The load without real equivalent
The consequences are immediately noticeable to many of those affected. Services that have already been built up from income already taxed are again subject to taxation. This creates a double burden that is neither economically conclusive nor legally unproblematic. The claim that property is protected and developed values are faltered when state intervention isbased on fictitious sizes. The boundary between legitimate taxation and overtaxed access is blurred.
imbalance as a political signal
In addition, there is a striking imbalance in the treatment of different care systems. While some of those affected are directly and significantly more burdened, the adjustment in other areas is significantly slower and weakened.
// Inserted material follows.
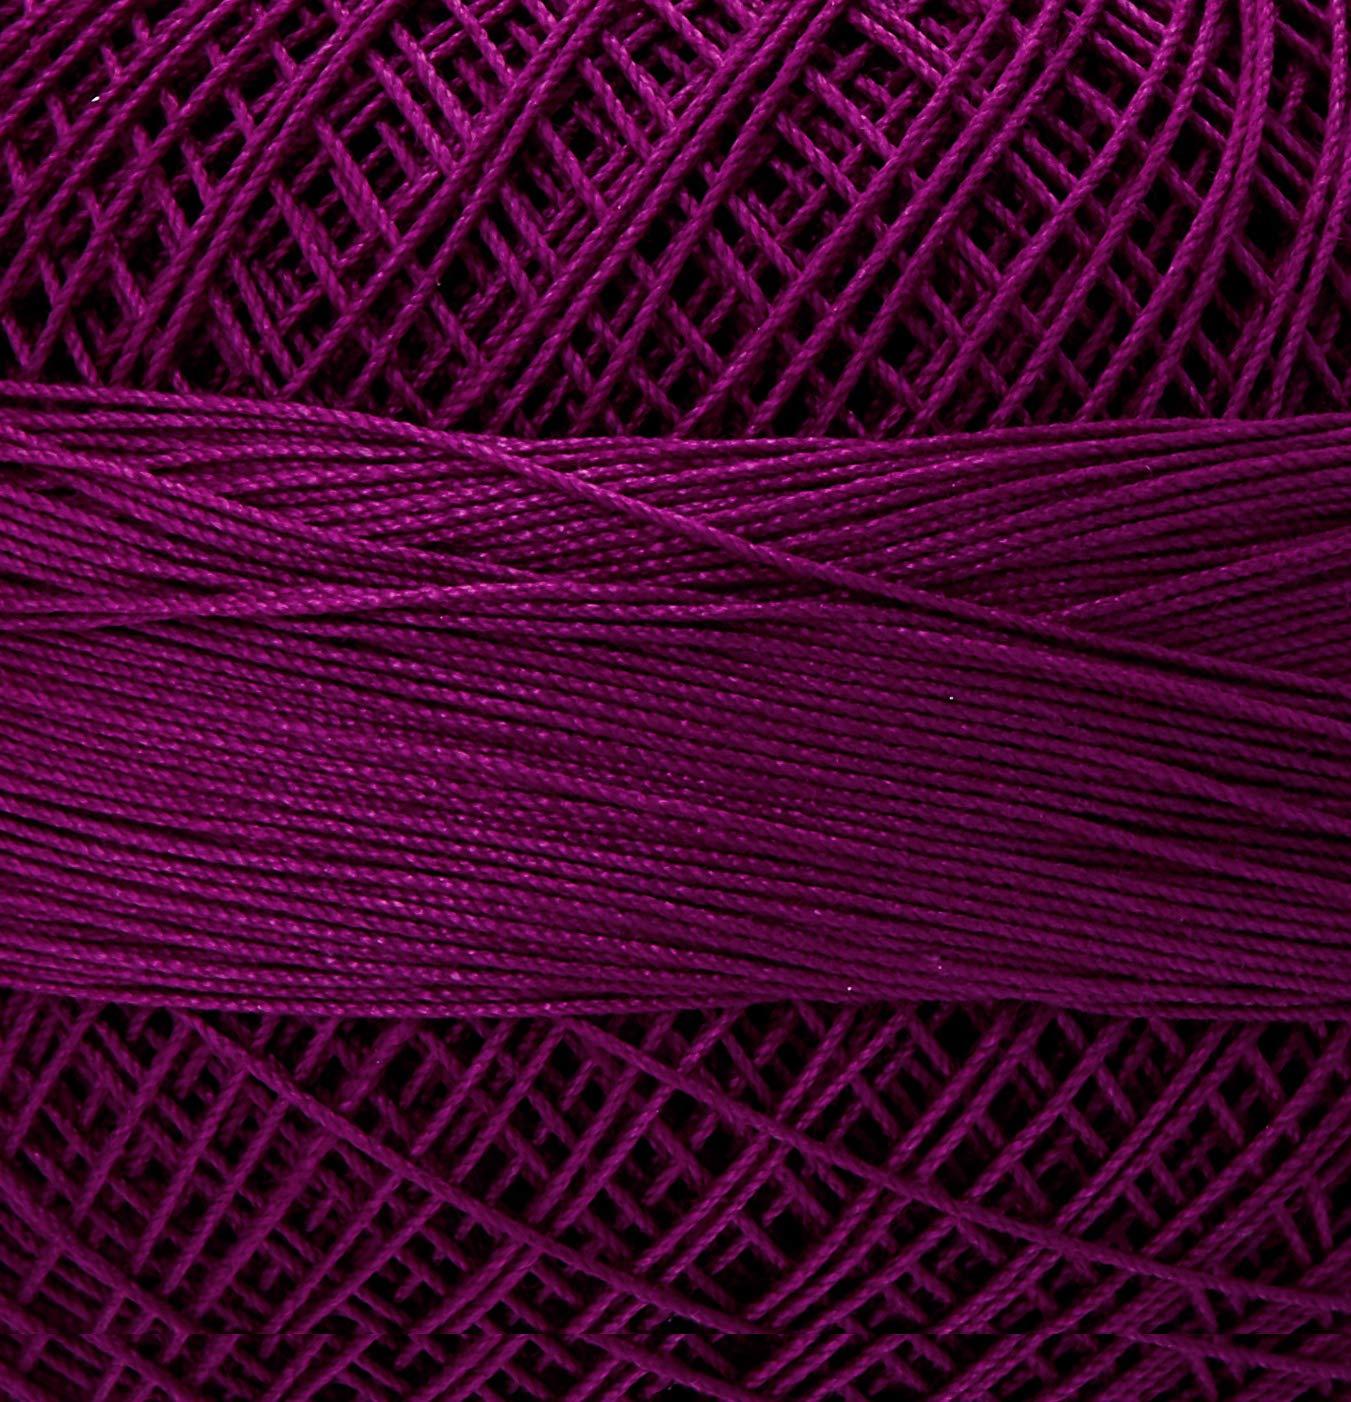 Handy Hands HH10-644 Embroidery Lizbeth Cordonnet Cotton Size 10-Dark Boysenberry
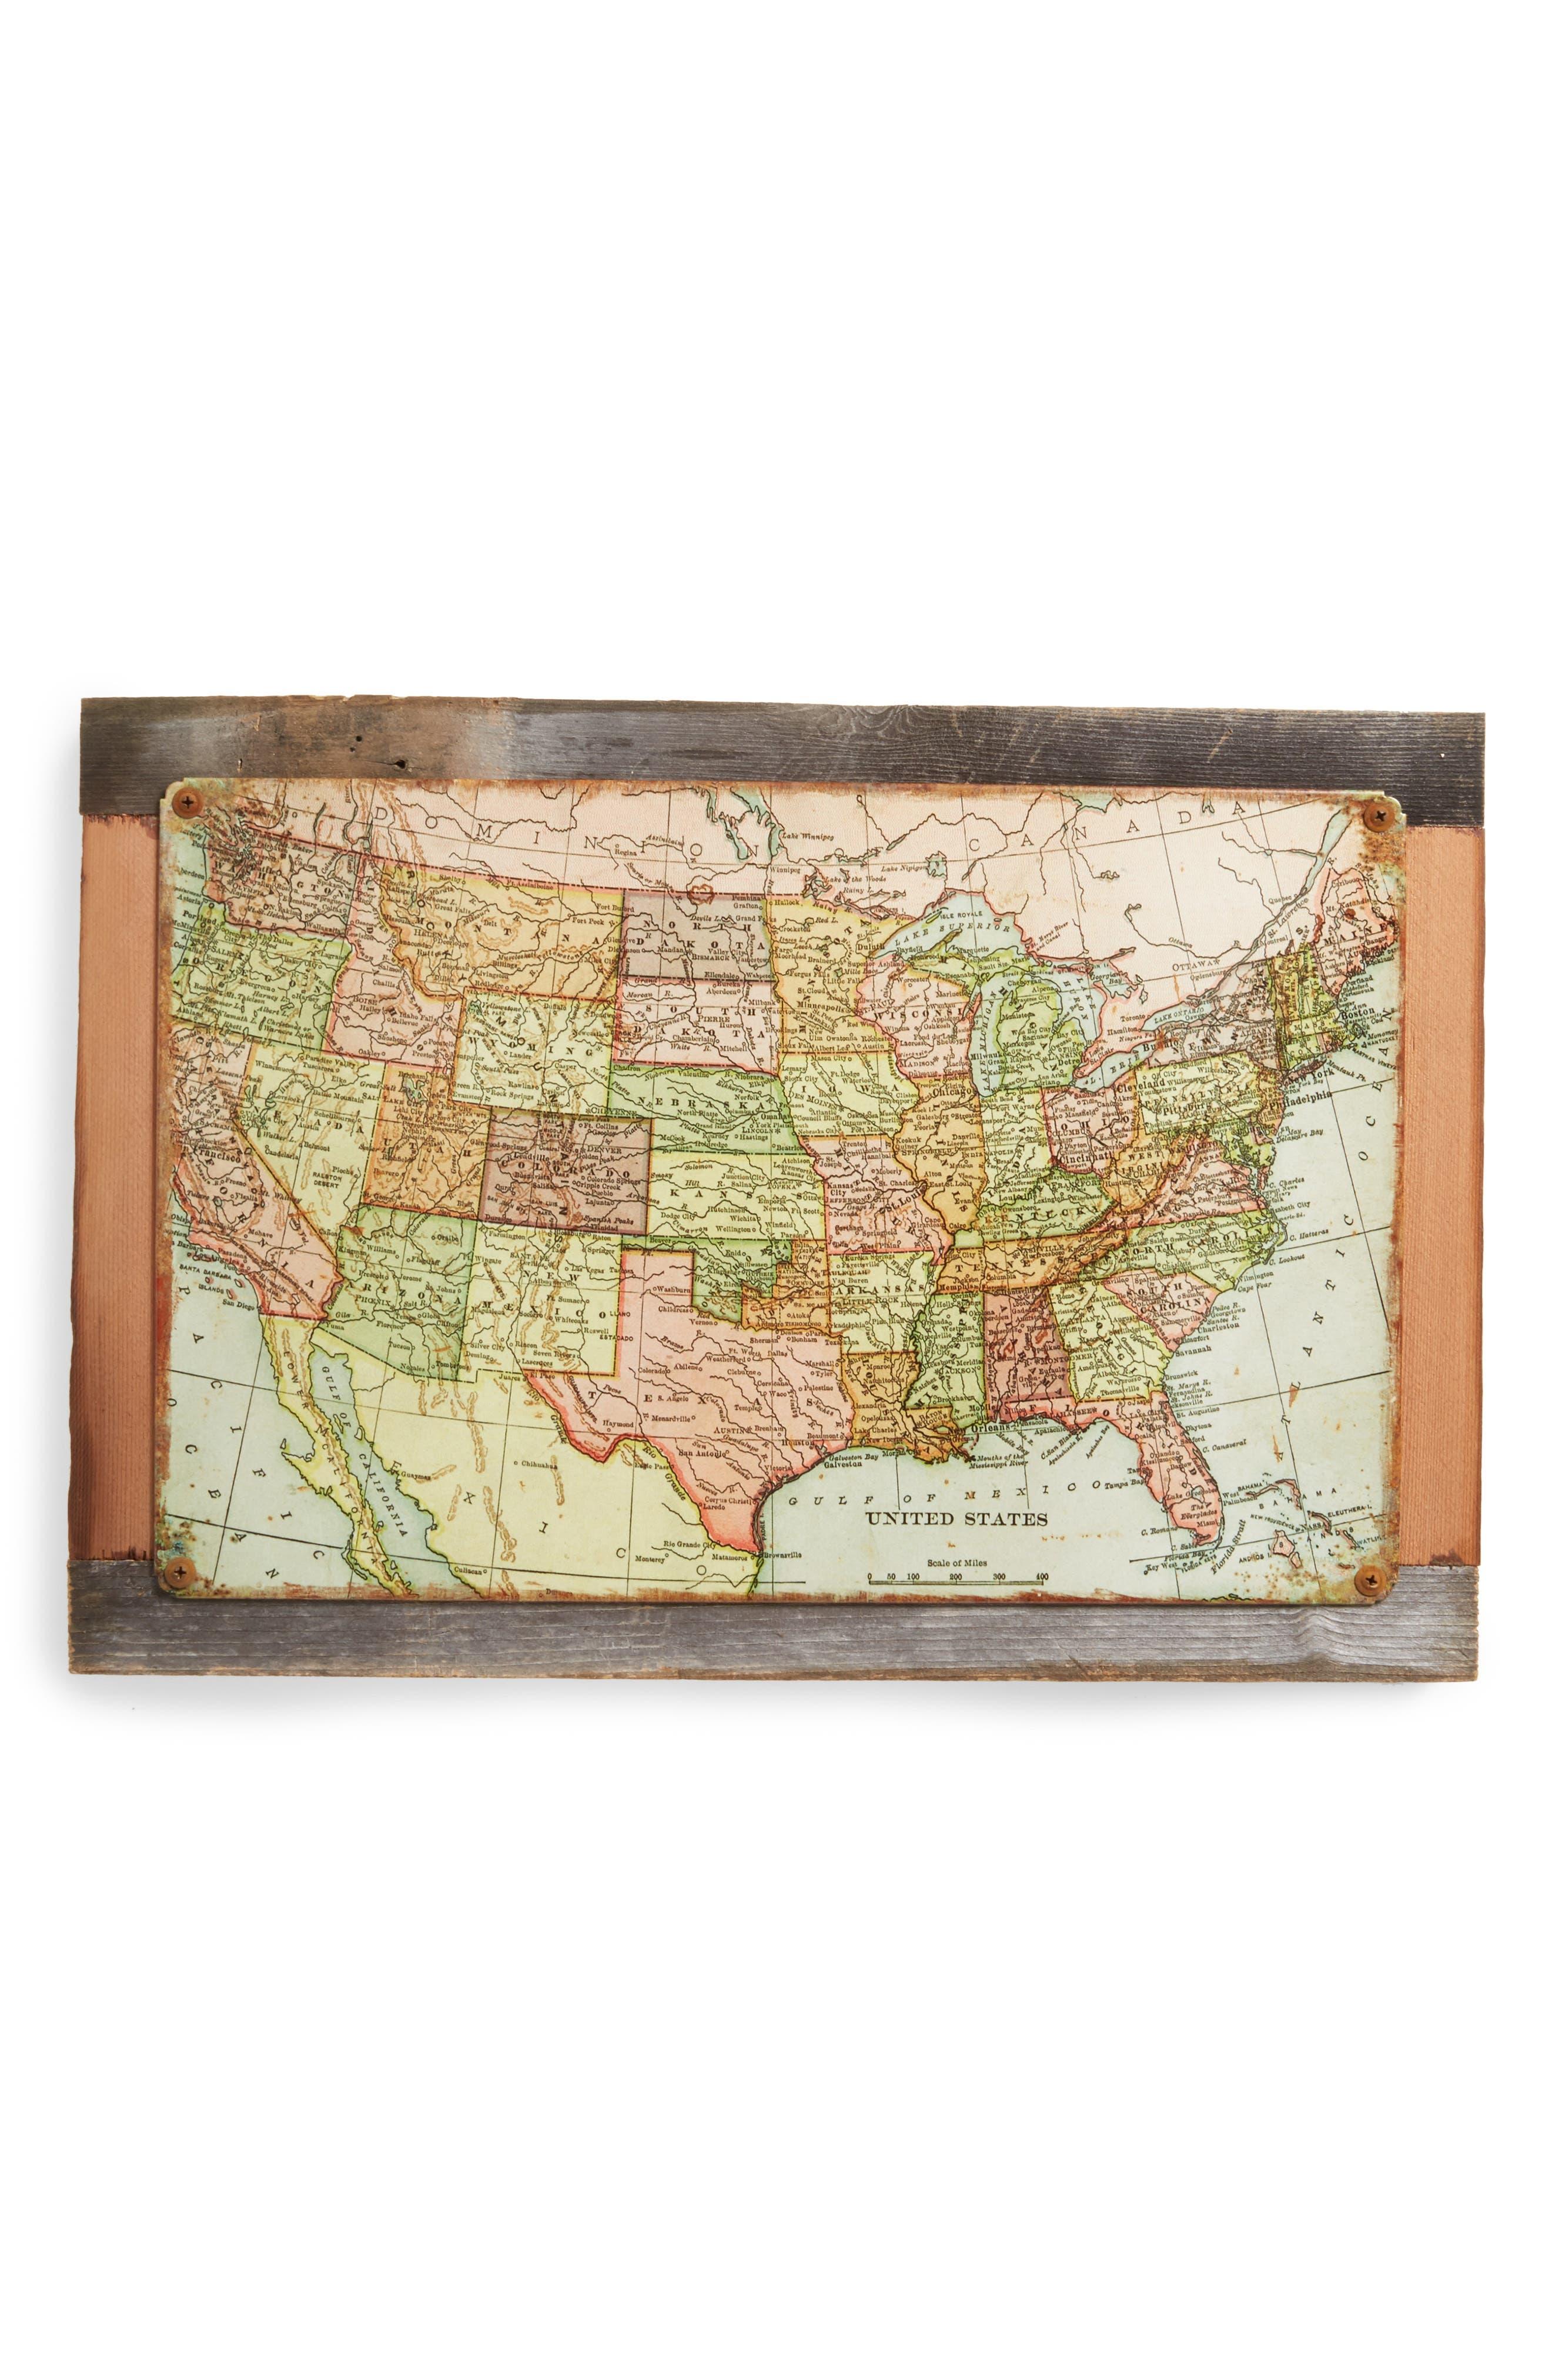 Poncho & Goldstein U.S. Map Wall Art

This unequal approach does not act like a coincidence, but like a conscious decision as to who should bear the brunt. thatThe result is an impression of arbitrariness that further undermines the confidence in the fairness of the system.
The loss of trust
In the end, there is not only a financial burden, but also a profound loss of trust. Those who plan and provide provision over long periods of time expect reliability and clear rules. However, if it turns out that these rules are based on constructions that distort real conditions, the feeling arises that caution and discipline are not rewarded, but exploited. thePension loses its character as a secure claim and becomes an object that can be exposed to new access at any time.
A system without an honest basis
The actual criticism is not directed against taxation itself, but against the basis on which it is carried out. As long as mathematical profits are treated like real income, the system remains contradictory in itself. A sustainable solution would require actual purchasing power to be taken as a benchmark and not mere numerical values. Without this step, the nominal principle remainsAn instrument that pretends precision but creates distortion and trusts without providing a solid basis.